Когда я вышла наружу, музыка стала громче. Странно, что никто из соседей не проснулся. Играла инструментальная версия, но слова я, конечно же, помнила наизусть. «Капельки дождя, розы, медные чайники и дикие гуси». Все самое лучшее. Все самое любимое.

В окне сарая брезжил огонек, вроде как свечки. Дверь была закрыта неплотно. Я стояла посреди сада, босыми ногами на каменных плитах. Дверь в мой сарай была приотворена на дюйм.

«Колокольцы у дверей, колокольцы на санях, девочки в беленьких платьицах». Мой список любимых вещей отличался от списка Марии, хотя я не стала бы оспаривать ее выбор. В моем списке «Вот что я люблю» точно было бы вот что: нырнуть в бассейн первой и рассечь прекрасную неподвижность воды. А еще — теплый пар, который идет от пони зимним утром. И бархатистая мягкость их носов. Я обожала пони.

Перед самым сном я уже наведывалась в сарай — сразу после работы, как только переоделась. Голову своего манекена я представила с бирюзовыми глазами, загорелой кожей и ровными белыми зубами.
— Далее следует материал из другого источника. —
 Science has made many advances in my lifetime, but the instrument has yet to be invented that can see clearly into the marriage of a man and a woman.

Час спустя я вернулась в квартиру совершенно измочаленная.

В детстве я страшно любила читать, хотя была практически самоучкой. За один семестр я, как правило, разбиралась со всеми книжными полками в классе. Денег вечно не было, так что я спасалась в библиотеках. Каждую субботу возвращалась за добавкой. Любимая книга? Само собой, «Камень из ожерелья Брисингов».

Музыка доносилась из сарая.

Городские парки я тоже любила. Травы и деревья словно закутывают тебя в кокон, спасая от резких звуков и неприятных запахов города. И зоопарки, конечно, тоже. Я с самого раннего детства любила туда ходить. Плавательные бассейны и пони, парки и зоопарки, публичные библиотеки, полные книг. Вот что я люблю.
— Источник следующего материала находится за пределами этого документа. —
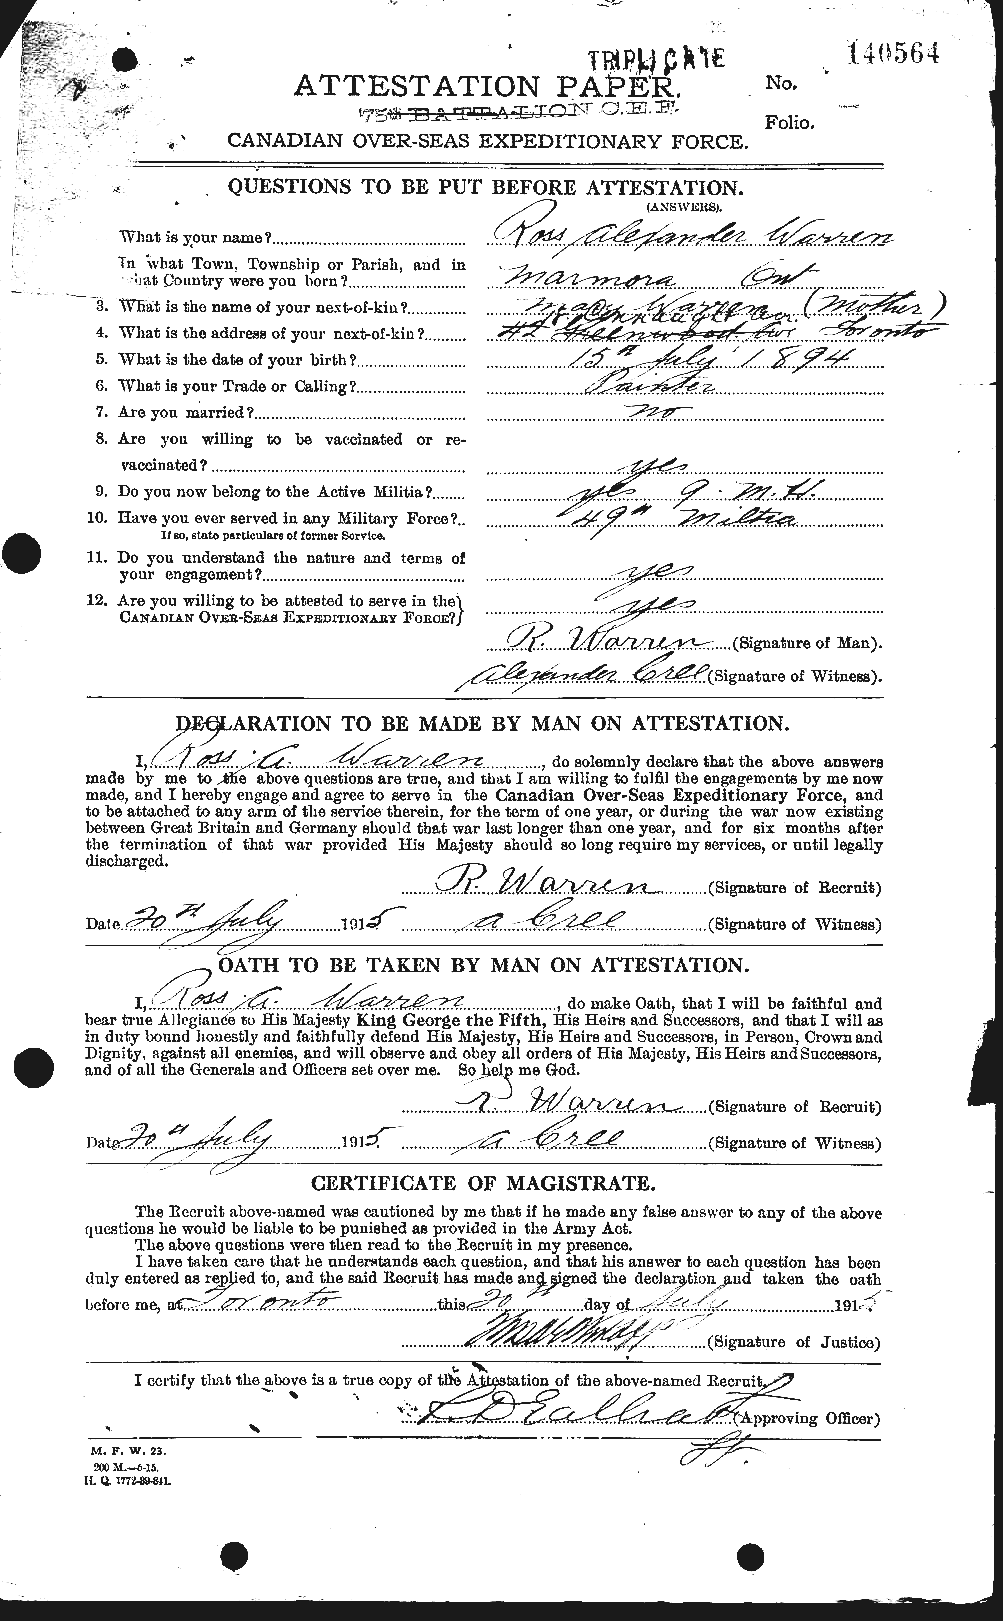 Personnel Records of the First World War - CEF 658627a

Я подошла к сараю. То есть сделала всего пару шагов, сойдя с садовой тропинки, — но сейчас мне казалось, что путь был очень долгим. Еще больше времени ушло на то, чтобы протянуть руку и легонько толкнуть дверь.

С самого начала все упиралось в меня. И я подсознательно это понимала.

Внутрь заходить было необязательно. Я с порога видела, как покачивается «груша», будто вспоминая мои побои. Или будто ее побил кто-то другой. После меня. Манекен сейчас выглядел маятником, отмеряющим время. Тик-так. А еще я заметила, что голова манекена, к которой я мысленно пририсовывала лицо Марка Джосбери, куда-то исчезла. Ее место заняло нечто другое.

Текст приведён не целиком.